I shot this video today in anticipation of a “for sale” thread that I’ll be posting soon. First I’ve got to take pictures of the guitar. 

Those that know me know that I love my vintage guitars. As much as it kills me to admit - this new MJT Esquire has that old wood tone. Video is of the guitar straight into my newly acquired Victoria Regal II (thanks @Larrivee). The amp is running a single 6V6 for 5 watts with the original 15” Weber alnico.

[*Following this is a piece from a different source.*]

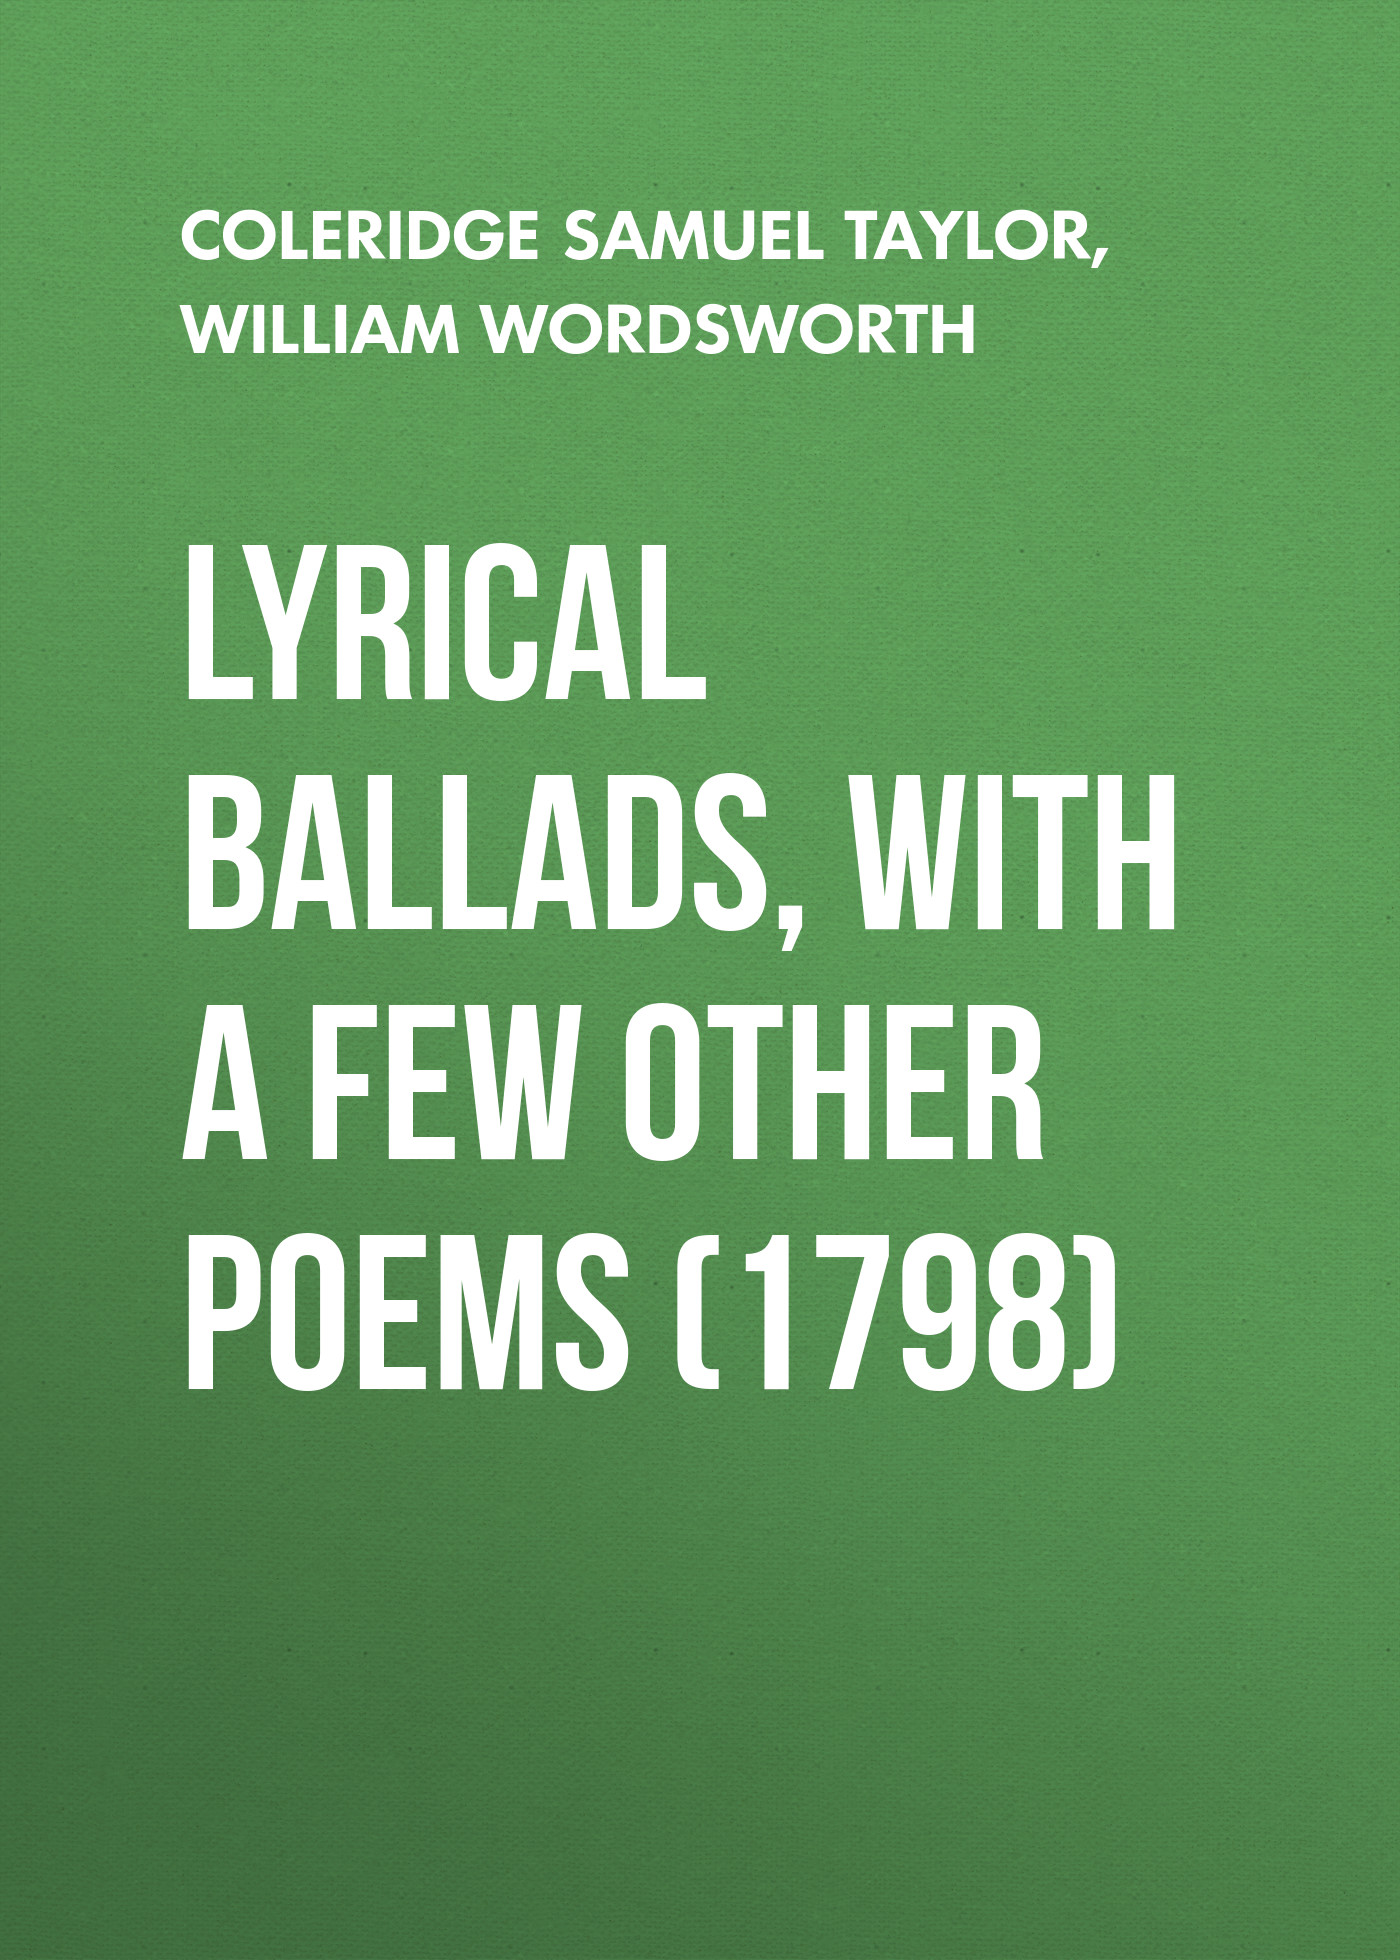 Книга Lyrical Ballads, With a Few Other Poems (1798) из серии , созданная Samuel Coleridge, William Wordsworth, может относится к жанру Литература 18 века, Литература 19 века, Поэзия, Зарубежная классика, Зарубежные стихи. Стоимость электронной книги Lyrical Ballads, With a Few Other Poems (1798) с идентификатором 25558804 составляет 0 руб.

Volume at 5, reverb at 3.


----------



## nbs2005 (Mar 21, 2018)

Sweet sound and playing.


----------



## fogdart (Mar 22, 2017)

nbs2005 said:


> Sweet sound and playing.


Thanks Jeff!


----------



## nnieman (Jun 19, 2013)

I have had a few mjt guitars through the shop (setups, string changes etc)
They have all been fantastic....One had a super comfortable v neck.....I did not want to give it back lol

Great tone and very nice playing

Nathan


----------



## cboutilier (Jan 12, 2016)

nbs2005 said:


> Sweet sound and playing.


What he said. Esquires are magical.


----------



## fogdart (Mar 22, 2017)

Thanks gents


----------



## Cardamonfrost (Dec 12, 2018)

Totally Sweet.
C


----------



## Larrivee (Nov 16, 2014)

Nice amp!!!


----------



## marcos (Jan 13, 2009)

Great tone for sure. I picked up my first MJT Tele last year on the forum and its my numero uno. Congrats on a great set-up. Love the Victoria with a 15 incher in it. !!!!


----------



## GTmaker (Apr 24, 2006)

good playing and very nice tone.
Next time, flip that toggle switch a few times and let us hear the difference.
G.


----------



## vokey design (Oct 24, 2006)

Damn, that is one great sounding rig.


----------